West highlights for me an important distinction between the argument and analysis of Jesus, and how Jesus plays out in our personal, individual lives. "I ain't here to argue about his facial features / Or here to create atheists into believers / I'm just tryin’ to say the way school needs teachers / The way Kathy Lee needs Regis that's the way I need Jesus."

I'm someone who, despite publicizing many of my beliefs in a public forum such as this, is very uncomfortable with sincere faith. I am uncomfortable with sincerely sharing my faith. I can articulate an argument, I can refute technicalities, but when it comes to sharing very personally what works for me, saying exactly what gets me up and going through my life, living my faith, I back down. I hide it and don't want to share it.

West touches on this in his own song. "So here go my single dawg radio needs this / They said you can rap anything except for Jesus / That means guns, sex, lies, videotape / But if I talk about God my record won't get played." Talk about anything, but not God.

So with a little inspiration from Kanye West, here's a call to action. Instead of refuting a belief, instead of over intellectualizing God to the point where talking about God has no point, instead of debating for debates sake, lets talk about what works. What works for you and me to get by? How does God work in your life?

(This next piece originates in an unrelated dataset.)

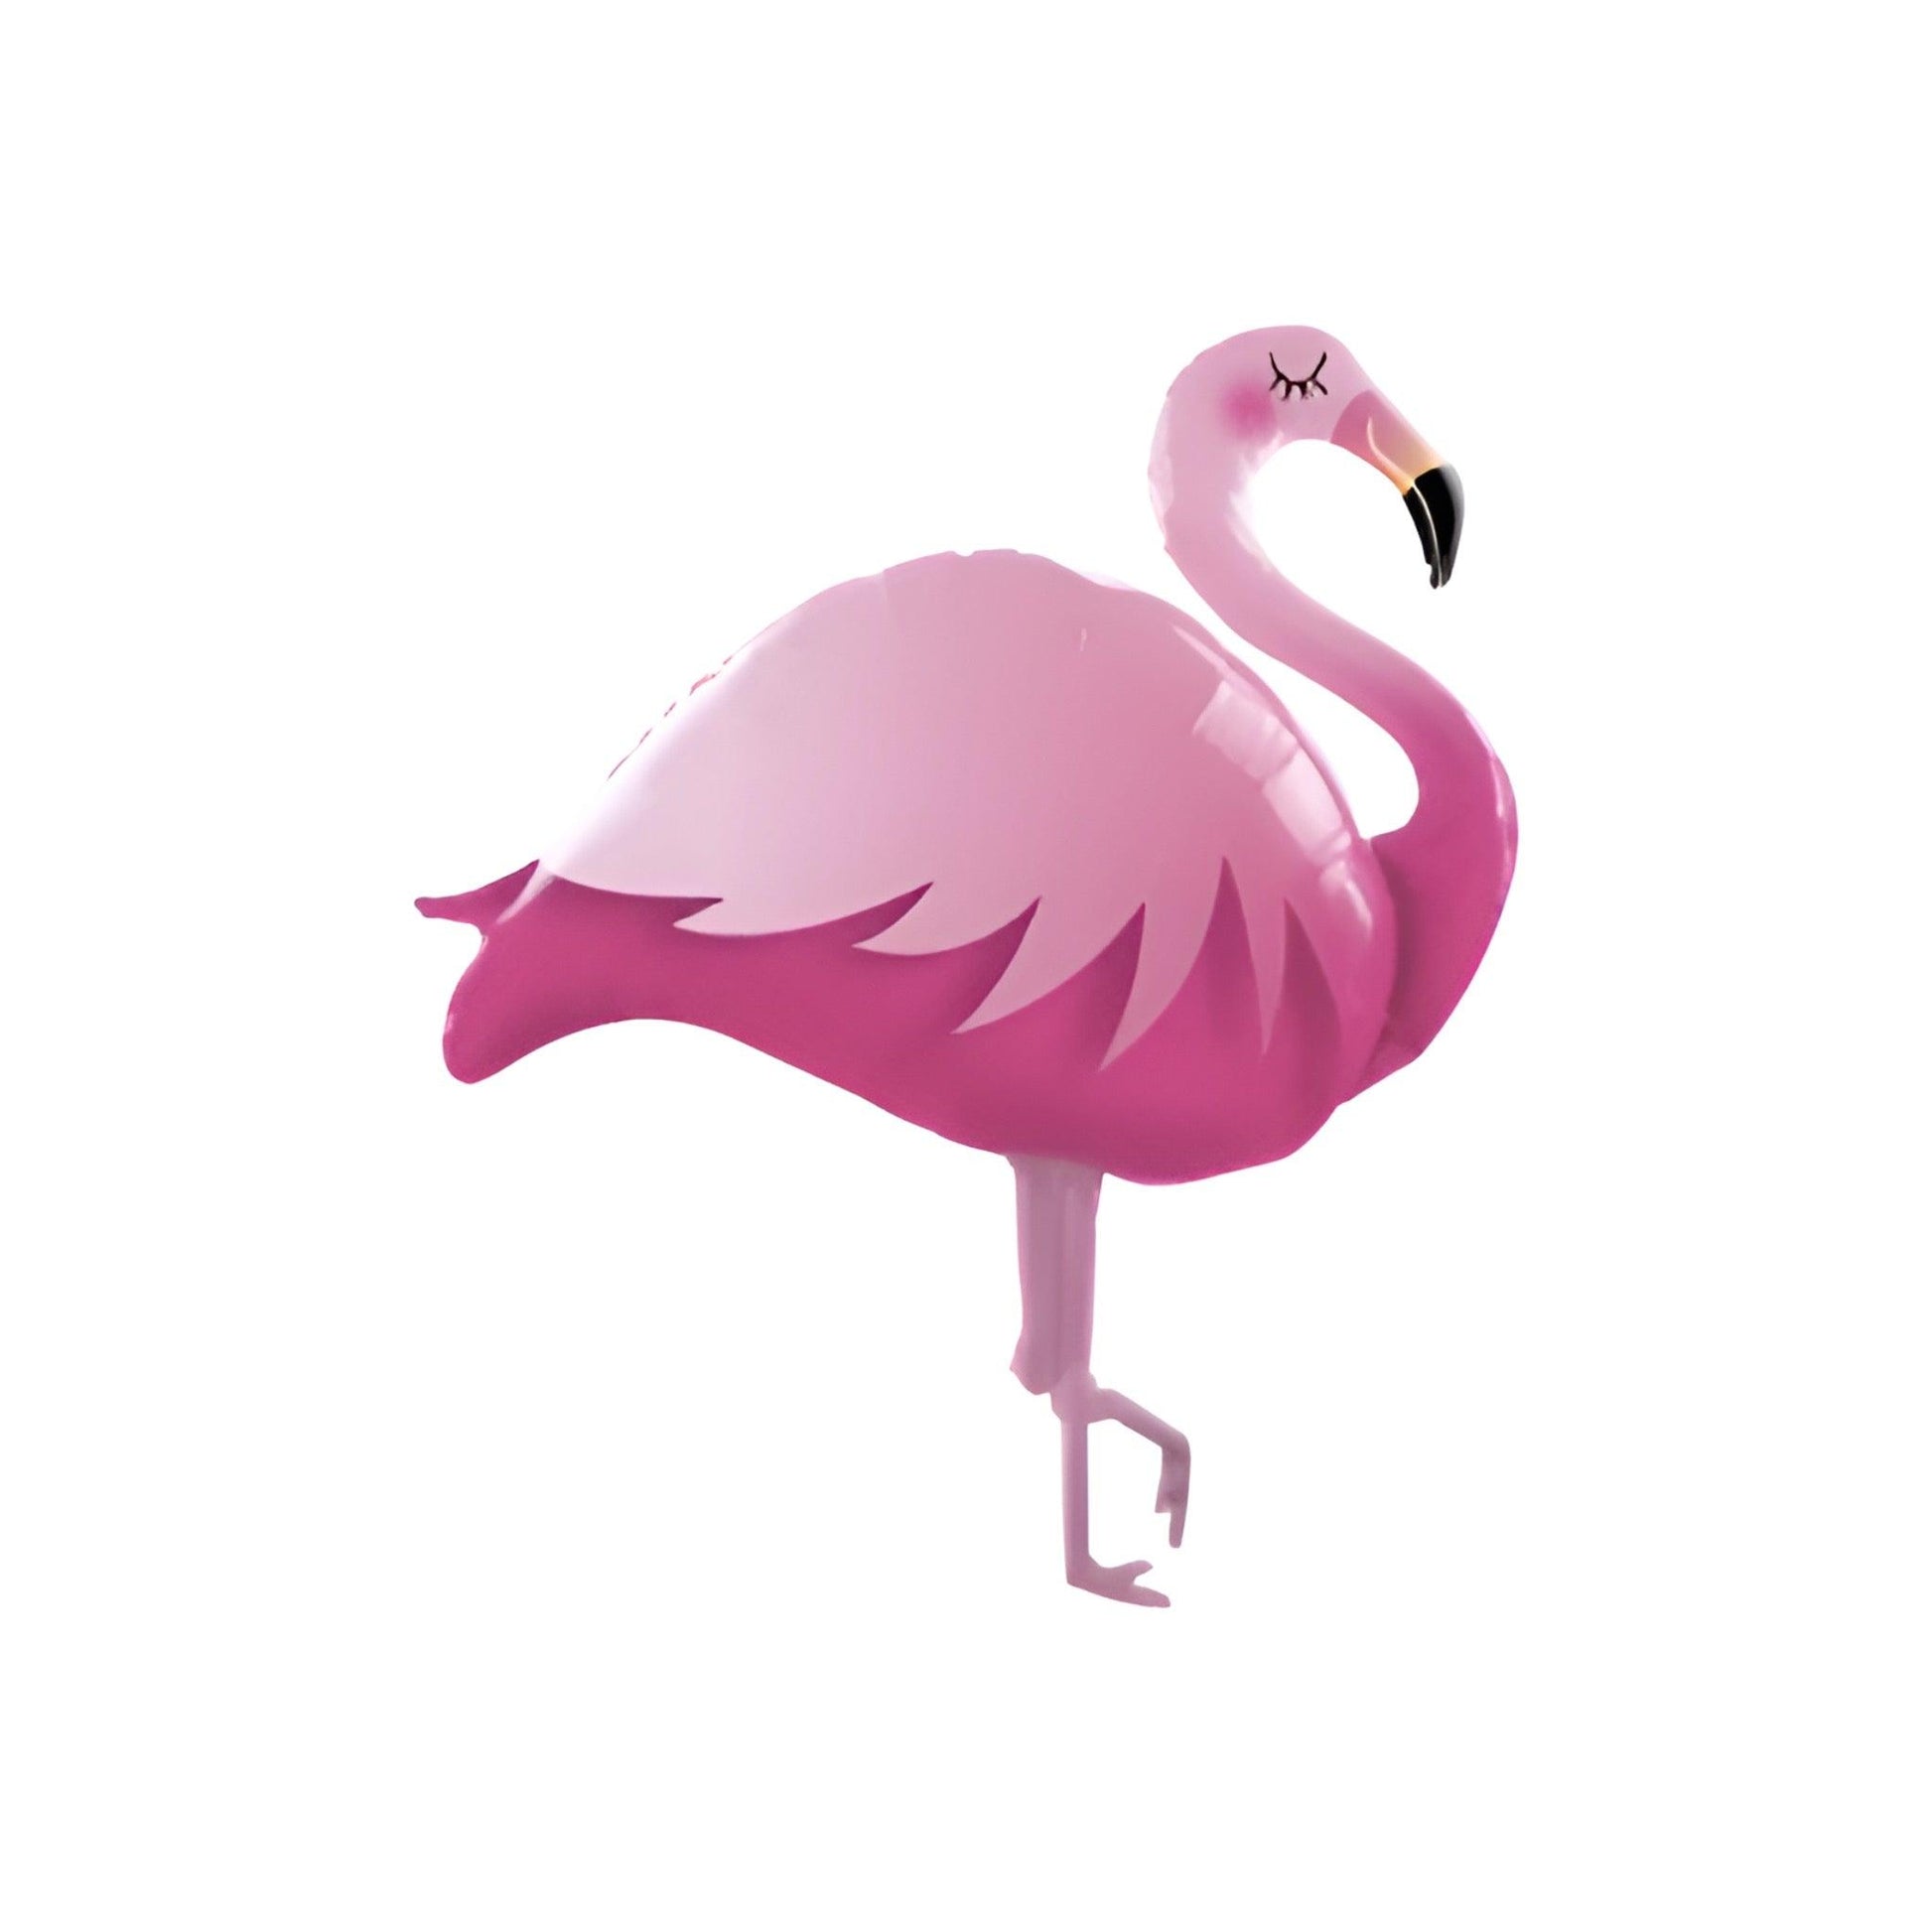 Jumbo pink Flamingo balloon with black beak.

For me, it starts with music. I can lie on the floor, face to the ceiling, and let the notes wash through my brain reminding me that the struggle is beautiful (thanks to Talib Kweli for connecting the words "beautiful" and "struggle" forever in my mind). The music creates the notes I need to create the beautiful chord that is my own life. It's a completion. It's like jazz. We take what life throws at us, and we improvise the notes that make it beautiful. That is how Jesus walks in my life.

Friday, September 09, 2005

Hard to swallow...

My grandfather has a joke that goes something like this:

Every church (in his priestly experience, Christian church) has to swallow just a little. Not every person agrees with everything the church does, and there's just a little you have to swallow.... Mormon's just have to swallow the most.

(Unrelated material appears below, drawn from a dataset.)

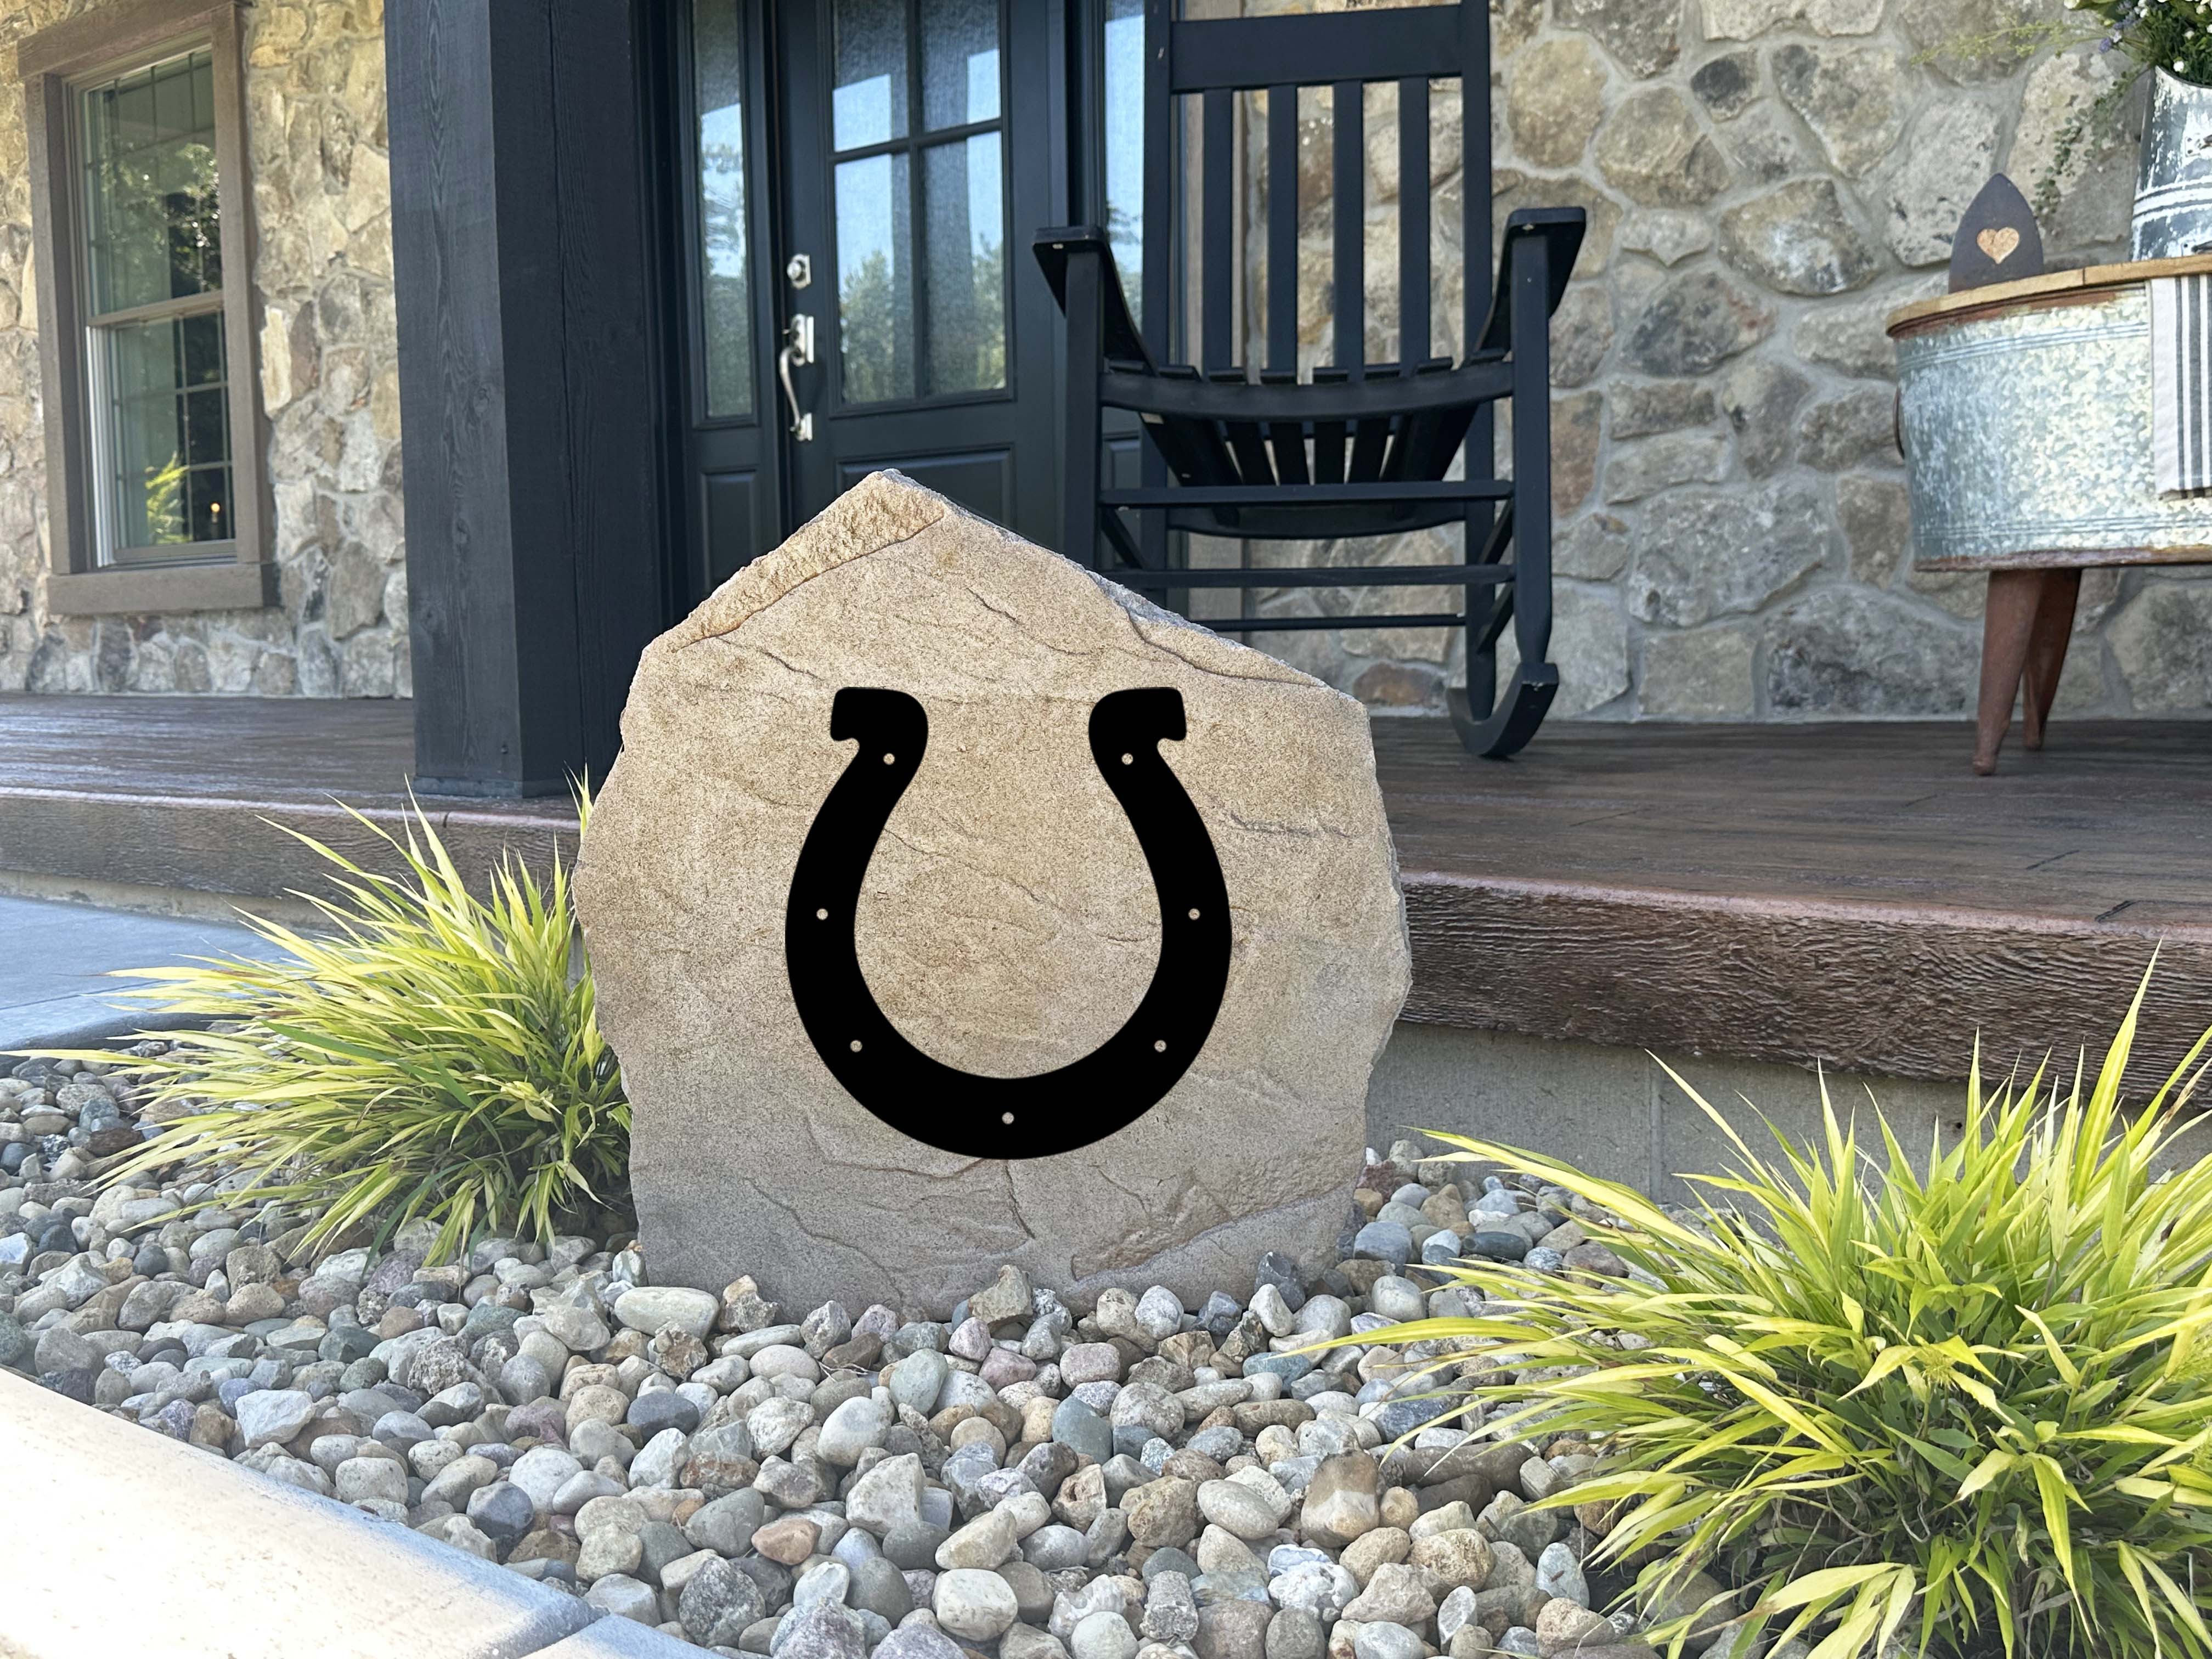 Indianapolis Colts Design-A-Stone Landscape Art

It is just a joke, but it speaks to a larger problem that I see, and I'm not talking about the Mormon church.

The problem is the idea that a religious institution would ever force any belief on a person, or that an individual would have to "swallow" anything. Now I'll be the first to admit that the previous sentence sounds a little naive, and I intended it to be so. But let's back up here and think about what a faith community should be.

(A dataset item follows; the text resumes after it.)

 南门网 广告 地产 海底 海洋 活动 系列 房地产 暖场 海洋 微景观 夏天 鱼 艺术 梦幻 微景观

Ideally it should be a community center, a place for people to come and recharge, a place for someone to find pastoral support, a place to find community. Community and pastoral support are, for me, fundamental. It should be a place where you feel safe and cared for. A faith community, be it a church, an organization, a gathering or even a pair of people, must be in itself a sanctuary to those involved.

The mistake we make, I think, is that we assume that religious institutions are where we find answers and where we let someone else do the thinking for us. Now this is the moment for me where it becomes difficult. On one hand, for me a religion of answers defeats the purpose of having faith at all. But on the other hand I like the idea that we are faithful because we seek the answers of life.

If we seek answers, we must have questions, and to have questions we must be allowed to have questions.

For me, I can't be part of a community that does not allow me to ask questions or to question what I see. This spans all aspects of life, from the religious to political. If we are not allowed the freedom of thought, and subsequently the freedom to question, then liberty, true liberty, in it's crazy Orwellian way, has perished.

A faithful community has a responsibility to its members. It has to care for them, nourish them and love them. If the community is not prepared to deal with the questions that each member brings to the table, than it is not prepared to care for, nourish or love those members.

So when I approach a community of faith, or even a conversation, it is vitally important to me that I am allowed question, to even doubt what I hear. Because without questions, and without doubt, there can be no faith.